Nigeria is an active participant in international meetings including those that seek solutions to the scourge of climate change. Particularly, the country signed and ratified the United Nations Framework Convention on Climate Change (UNFCCC, 1992), the Kyoto Protocol (Kyoto Japan, 1997),2 among others. Nigeria also sent a delegation to the UNFCCC 15th Conference of the Parties (COP-15) on Climate Change, held in December 2009 at Copenhagen. While these may put the country among the group of nations that care about the environment and seek to combat climate change and its potentially disastrous impacts, the local realities suggest otherwise.
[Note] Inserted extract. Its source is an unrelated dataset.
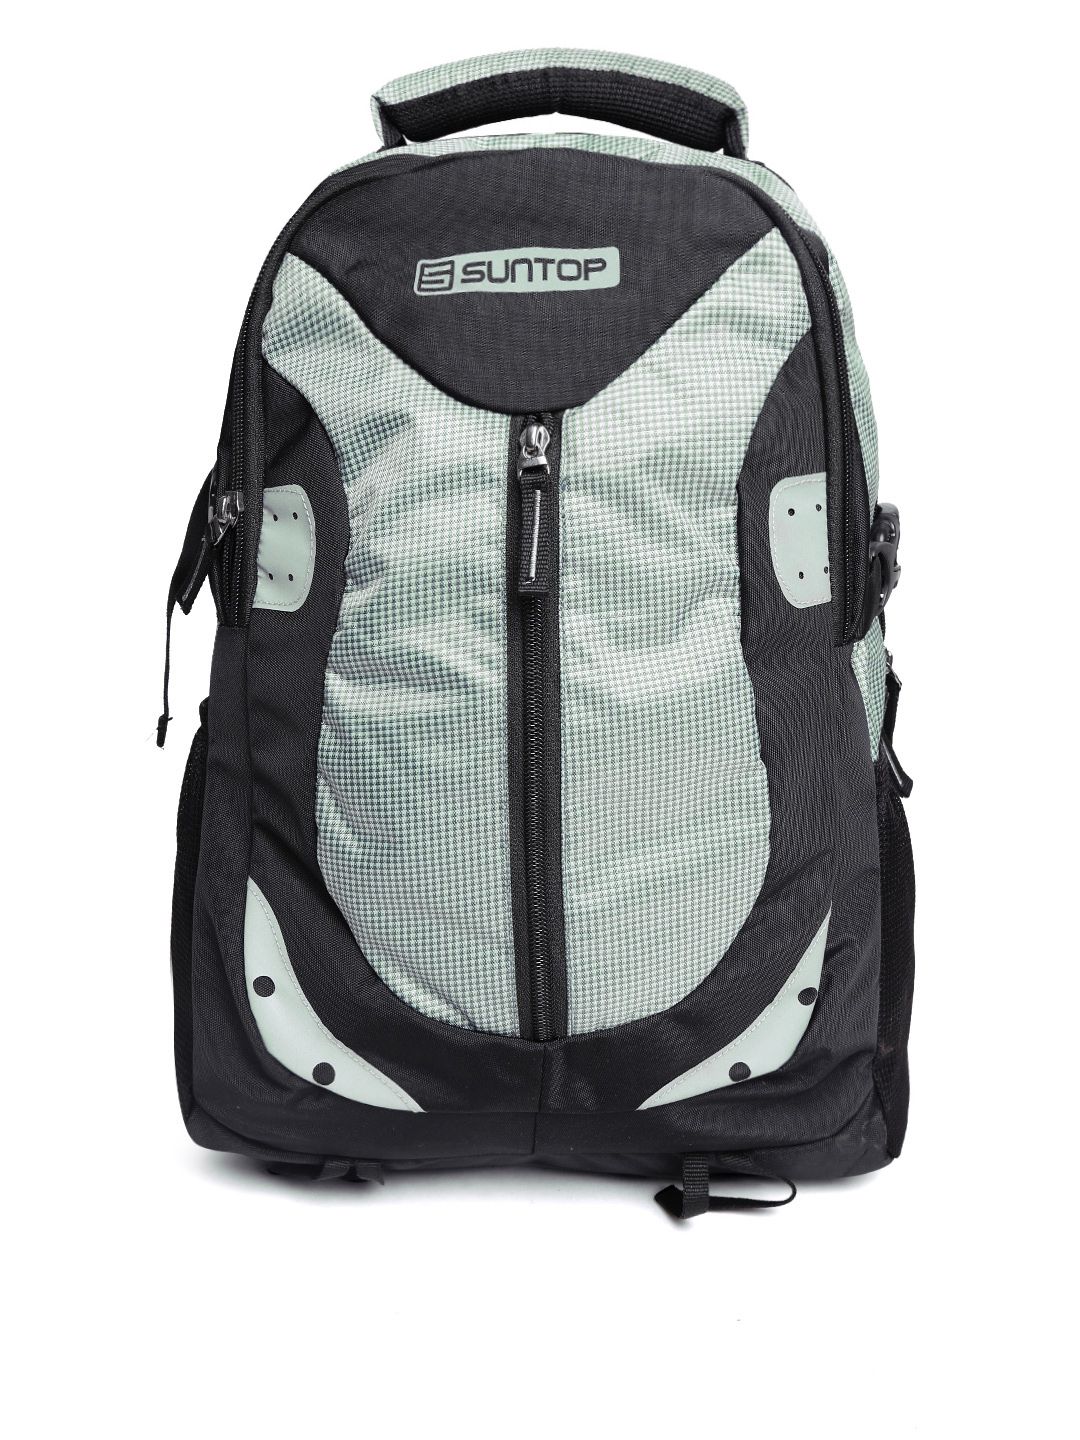 Suntop Unisex Black & Grey Neo 9 Checked Laptop Backpack Price in India

Gas flared from Nigeria’s oil industry, located mainly in the Niger Delta region, contributes to global greenhouse gases with consequences including climate change. Gas flaring is a widely used practice for the disposal of natural gas in petroleum producing areas where there is no infrastructure to make use of the gas. Because the flaring combustion is incomplete, the gas emitted contains widely recognised toxins, which also create air pollution which affects local inhabitants and the environment; in the case of the Niger Delta, the extremely rich biodiversity. Approximately, between 2 and 2.5 billion standard cubic feet (scf) are flared daily making Nigeria the world’s biggest gas flarer, both proportionally and absolutely. To put this in understandable perspective, the gas flared in the Nigeria’s Delta region is equal to about 25 per cent of the UK’s gas consumption.